[Stored records]

BEGIN

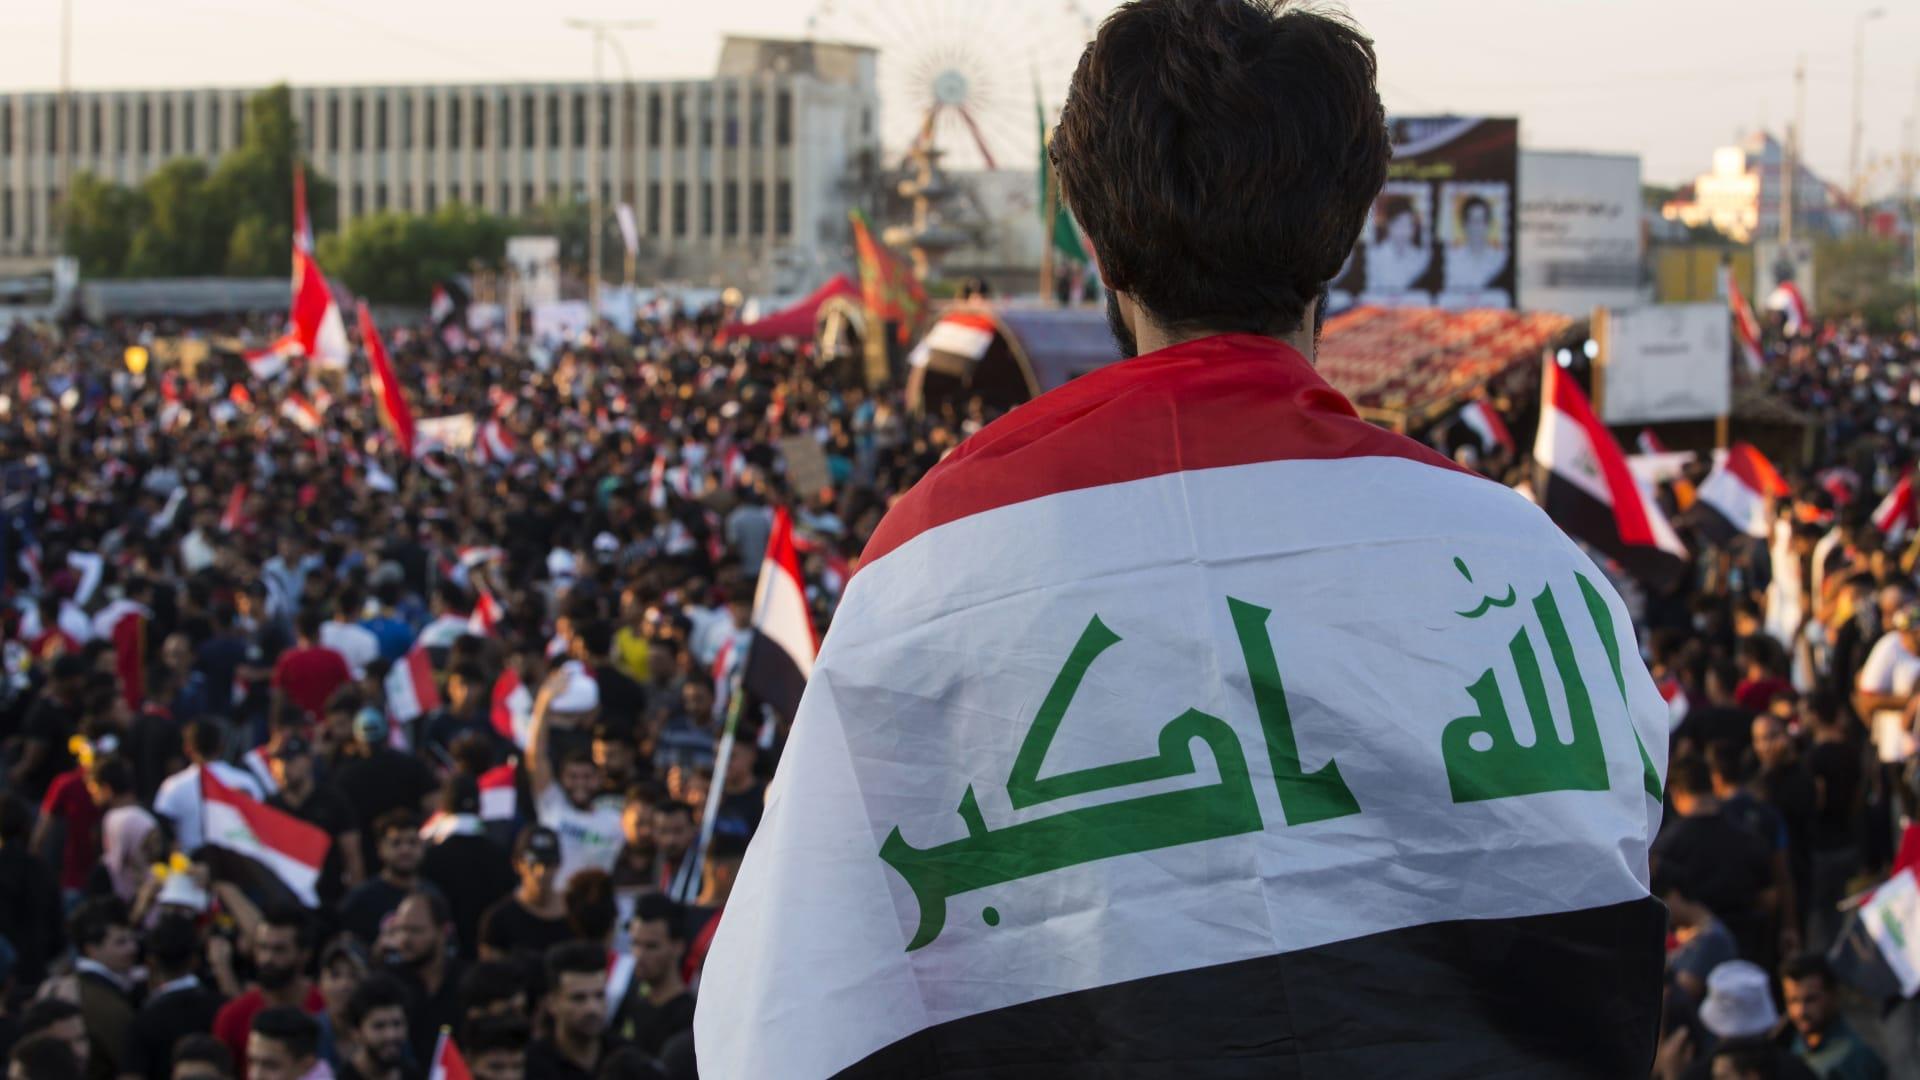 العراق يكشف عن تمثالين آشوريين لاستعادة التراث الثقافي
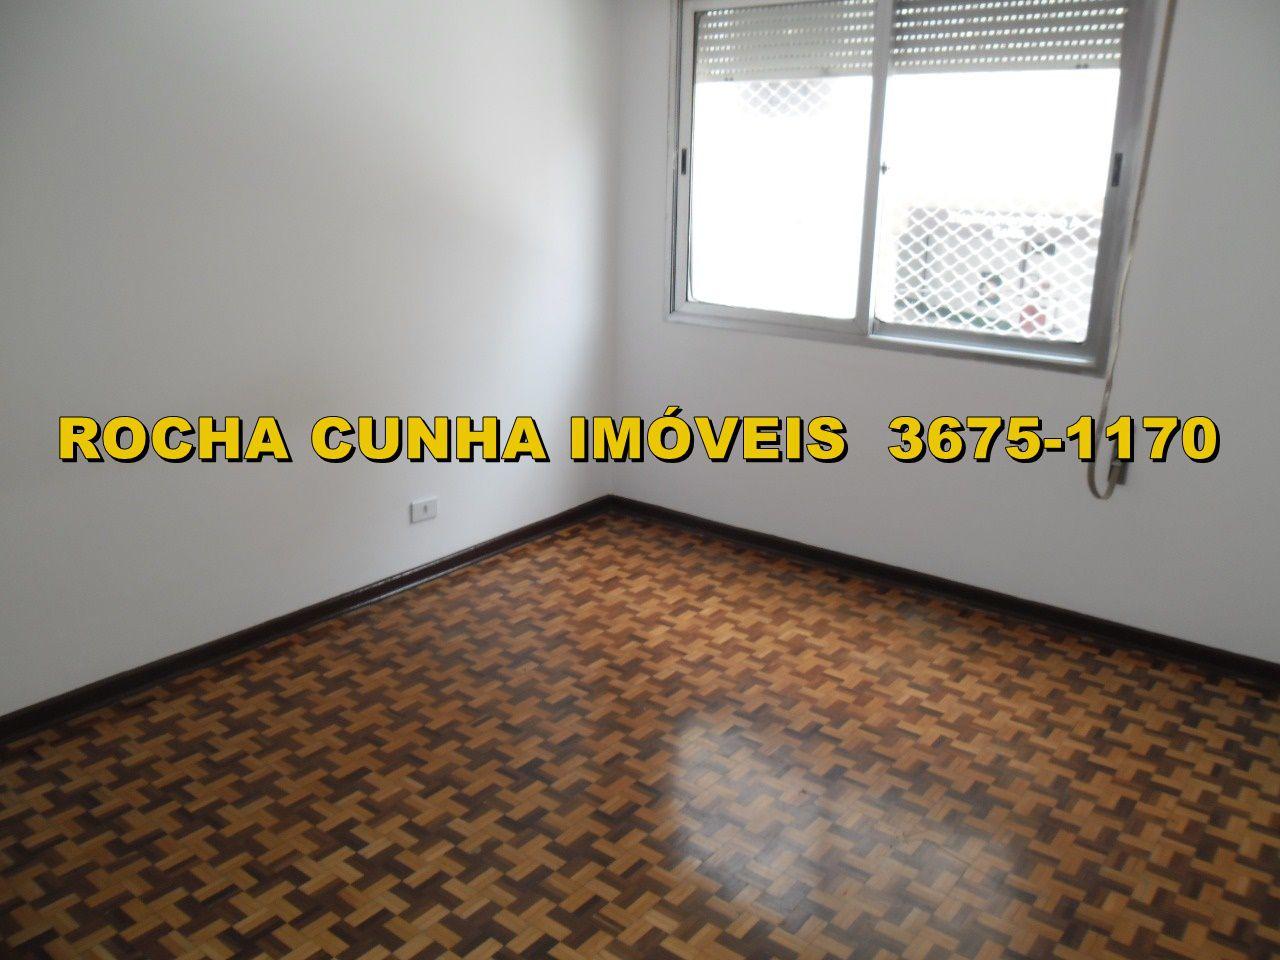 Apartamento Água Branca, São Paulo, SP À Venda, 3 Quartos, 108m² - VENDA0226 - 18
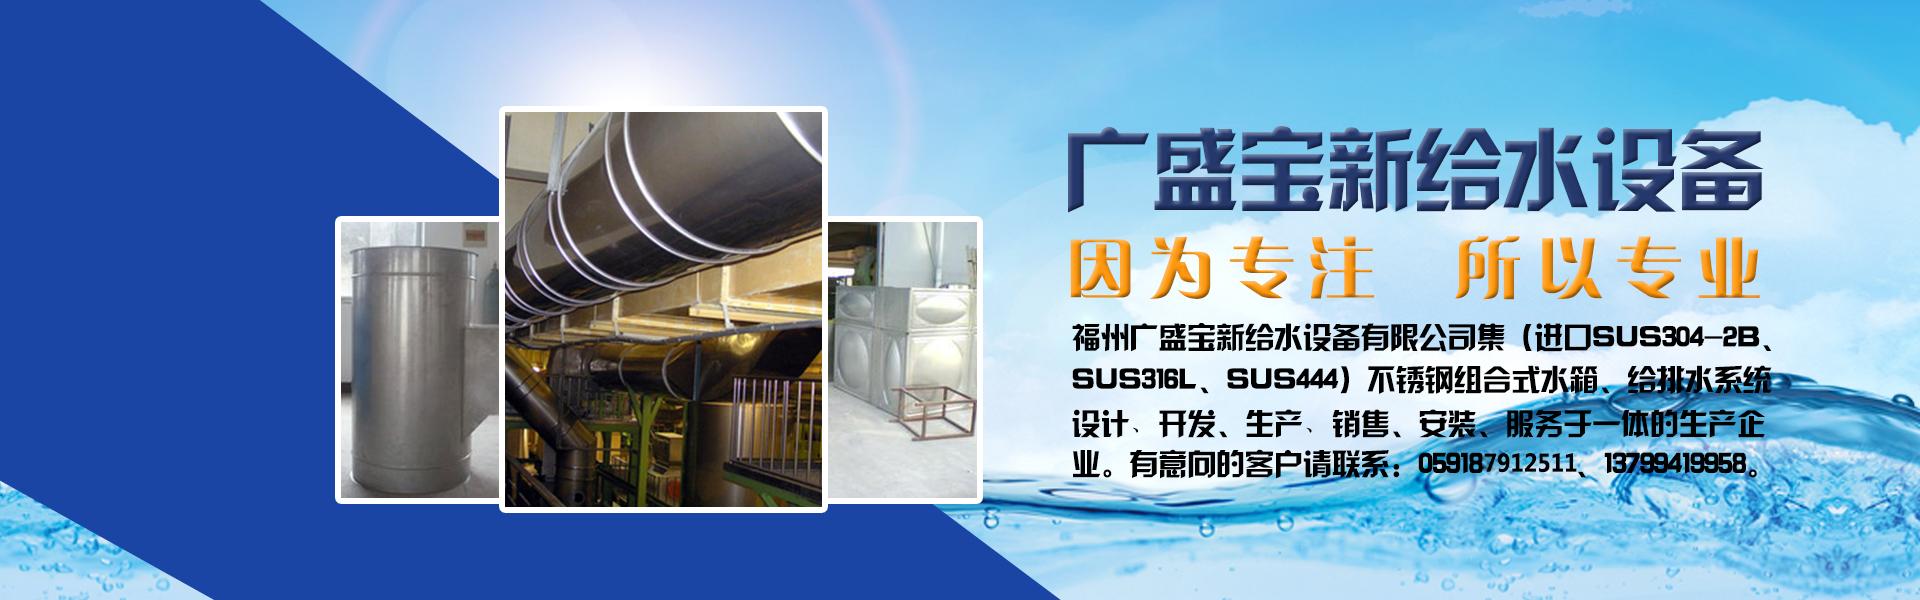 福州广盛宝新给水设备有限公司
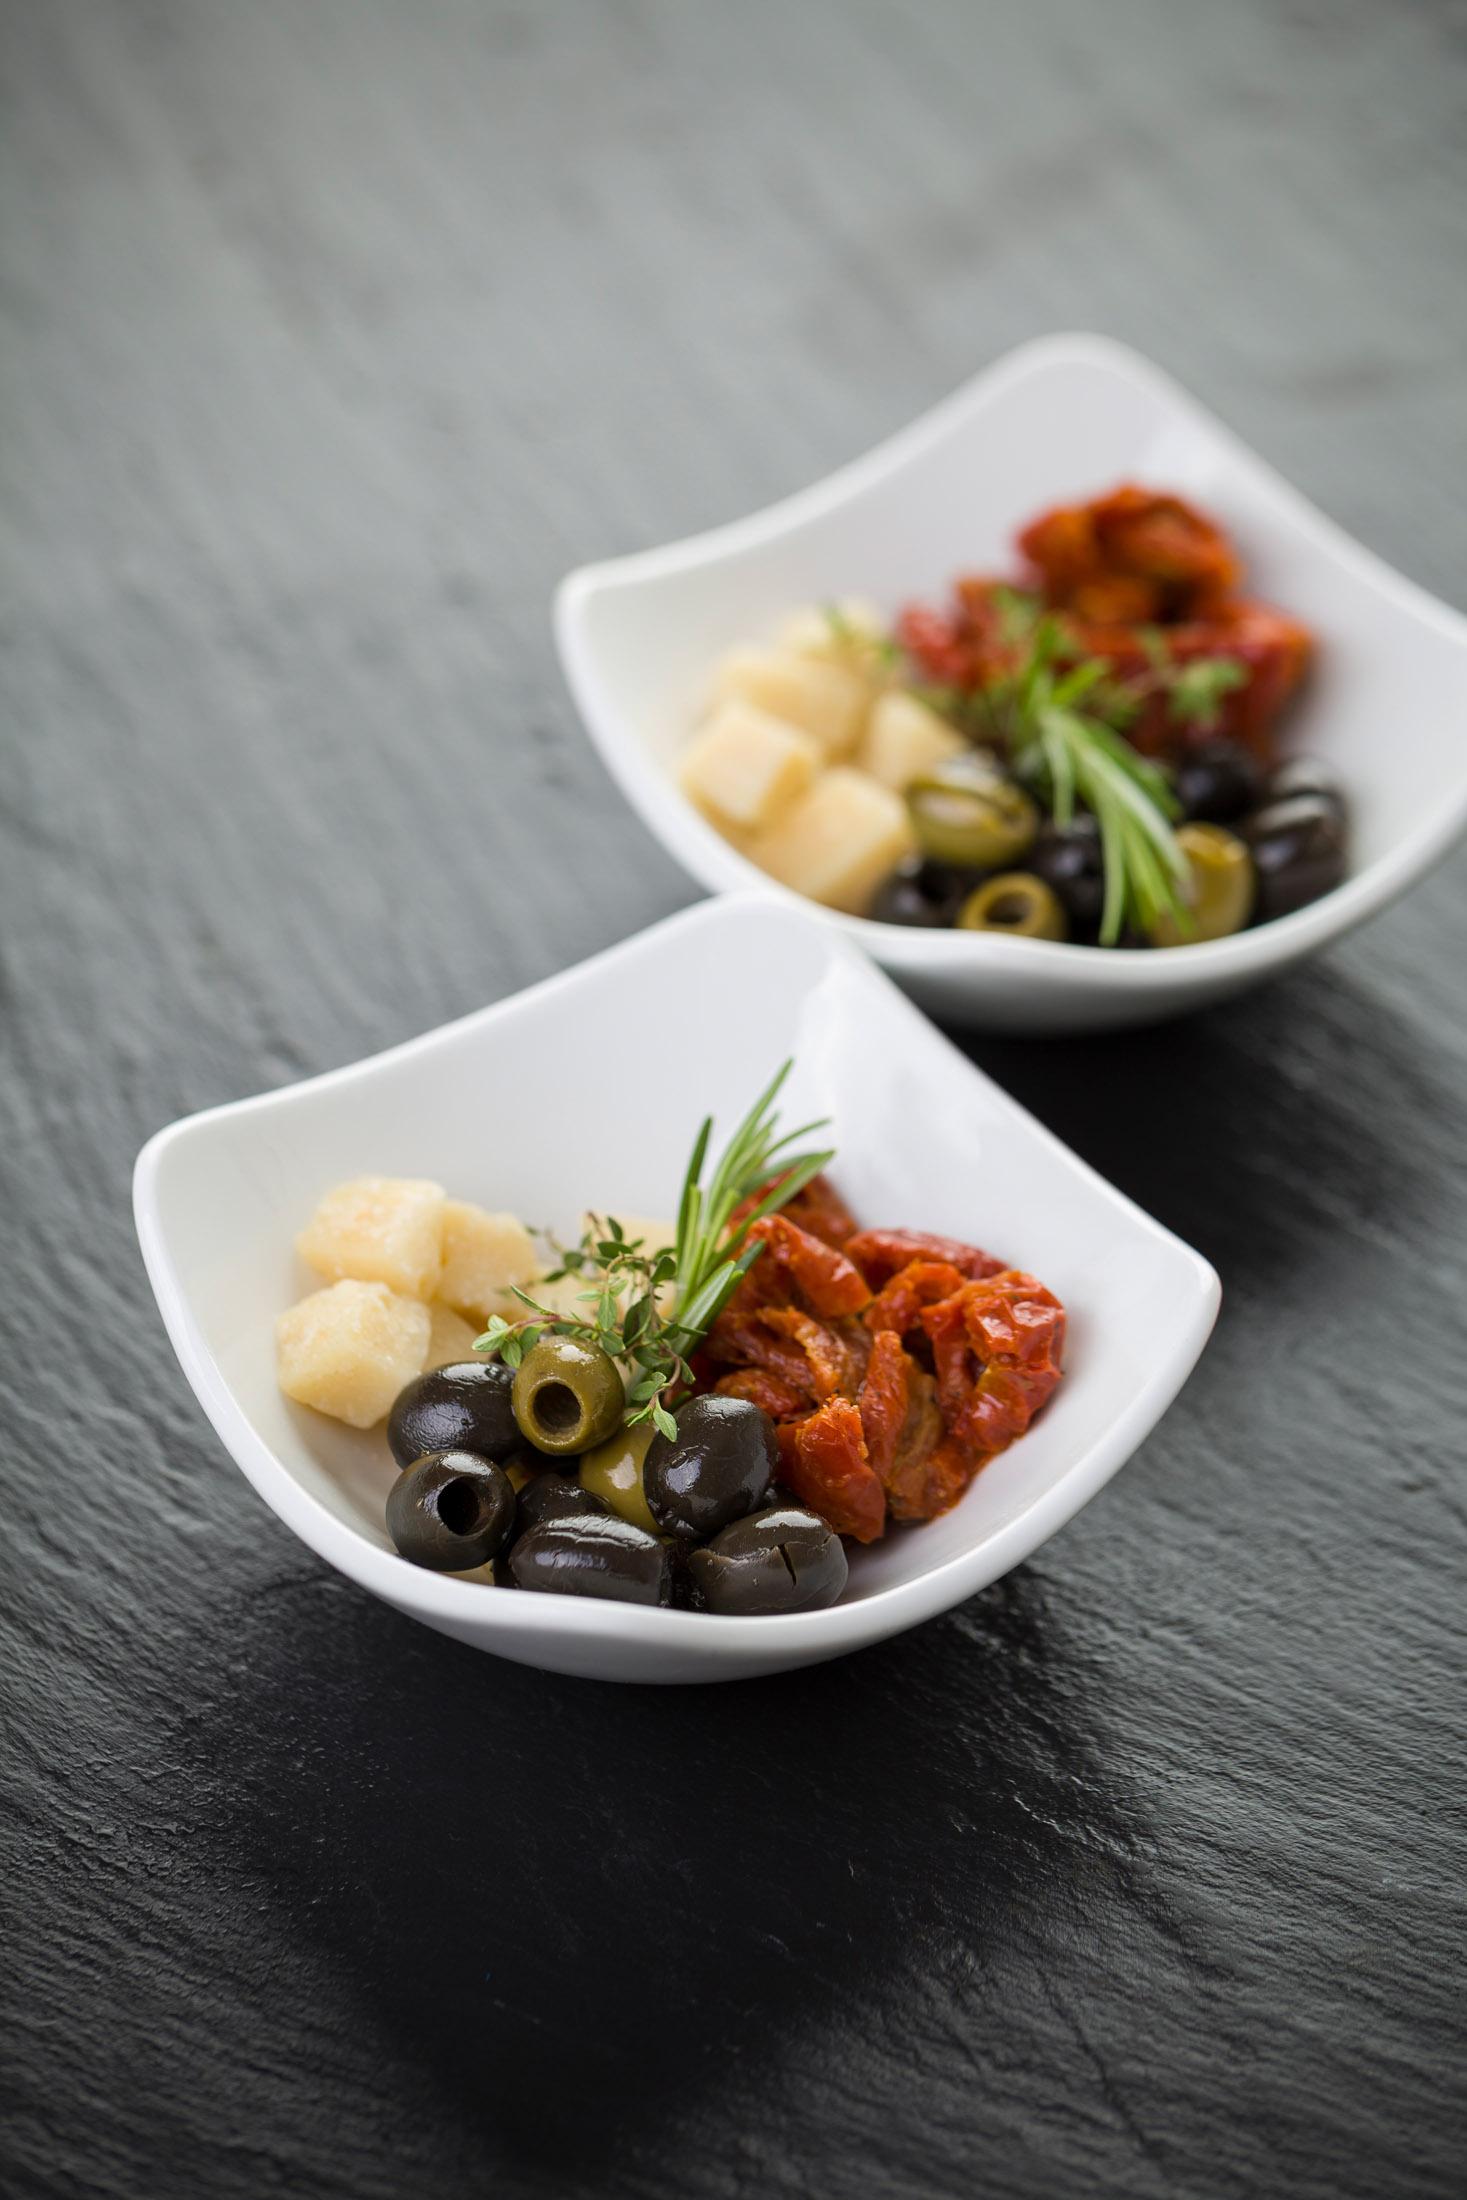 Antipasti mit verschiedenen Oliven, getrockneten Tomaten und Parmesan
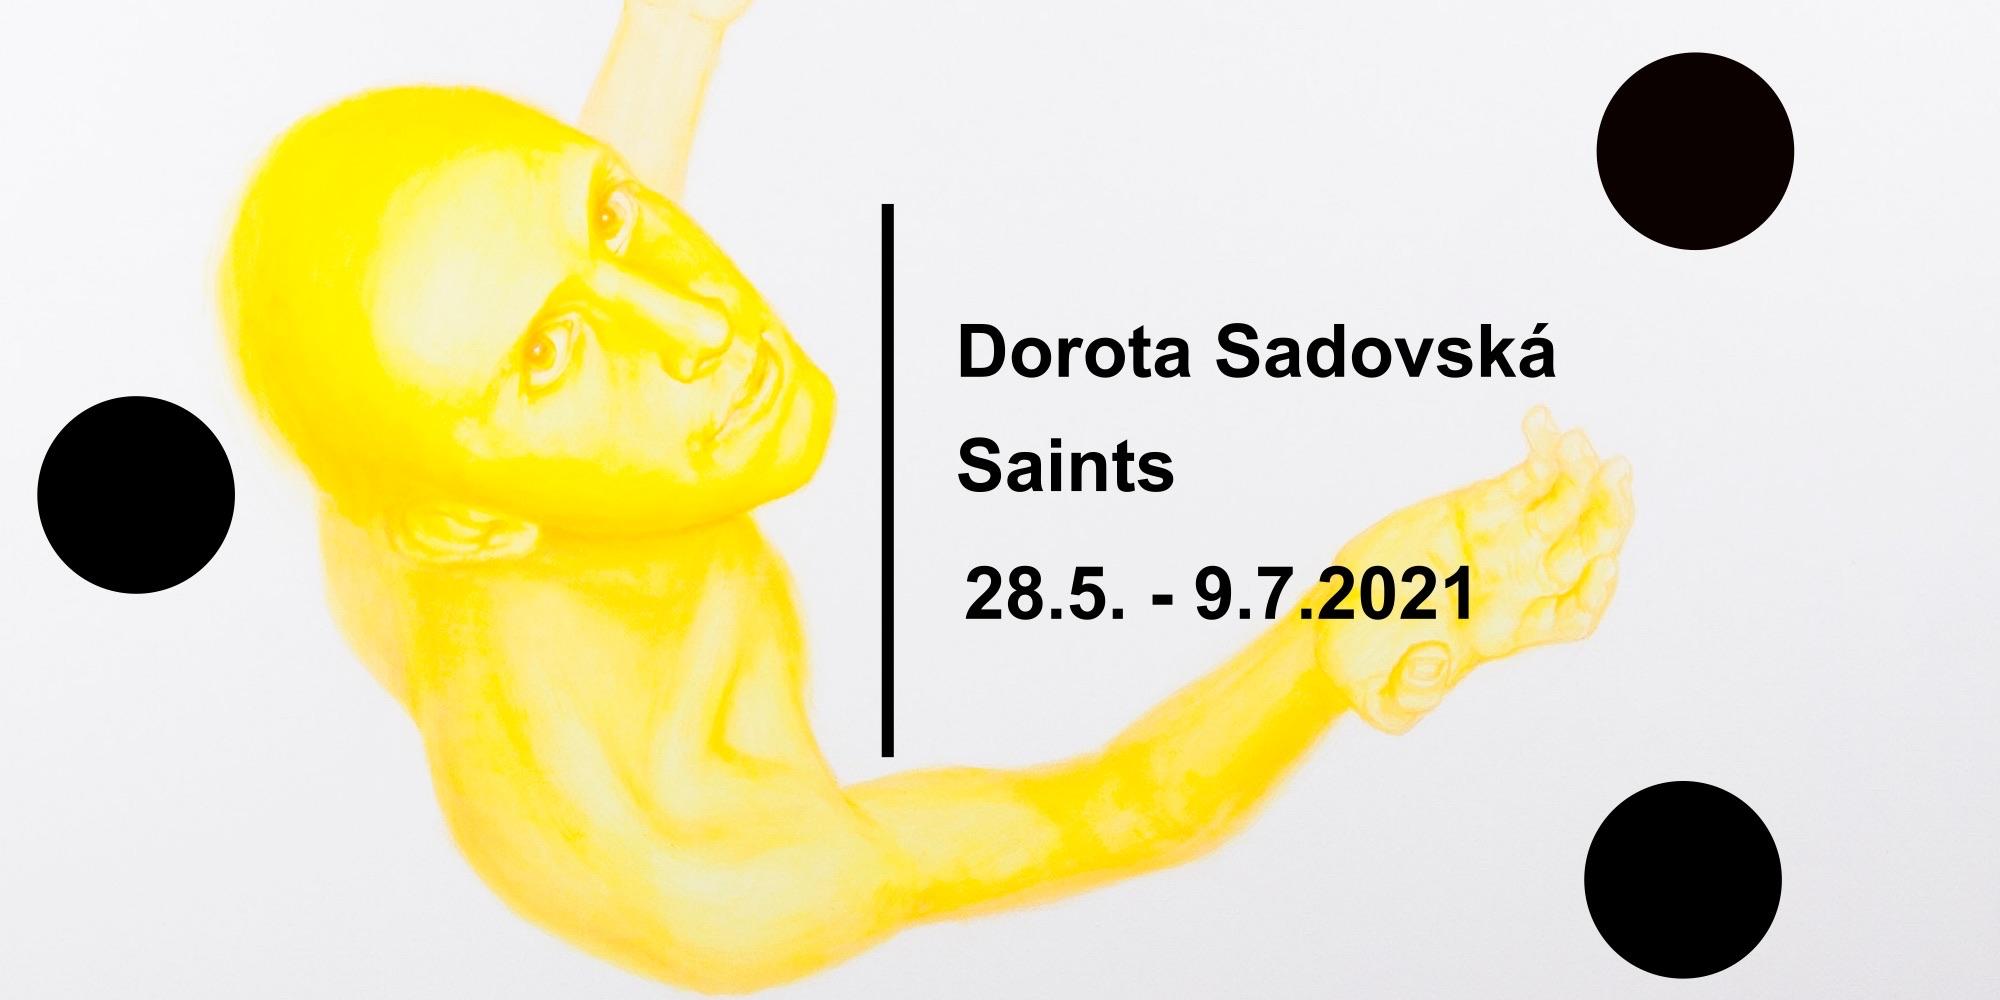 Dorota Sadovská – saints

END

[ASSIGNED TASK] Exact text is required for the lines from the one with "福州广盛宝新给水设备有限公司" through the last line of the entries, both included. Omit pictures.

[THE ANSWER]
 福州广盛宝新给水设备有限公司
 Antipasti mit verschiedenen Oliven, getrockneten Tomaten und Parmesan
 Dorota Sadovská – saints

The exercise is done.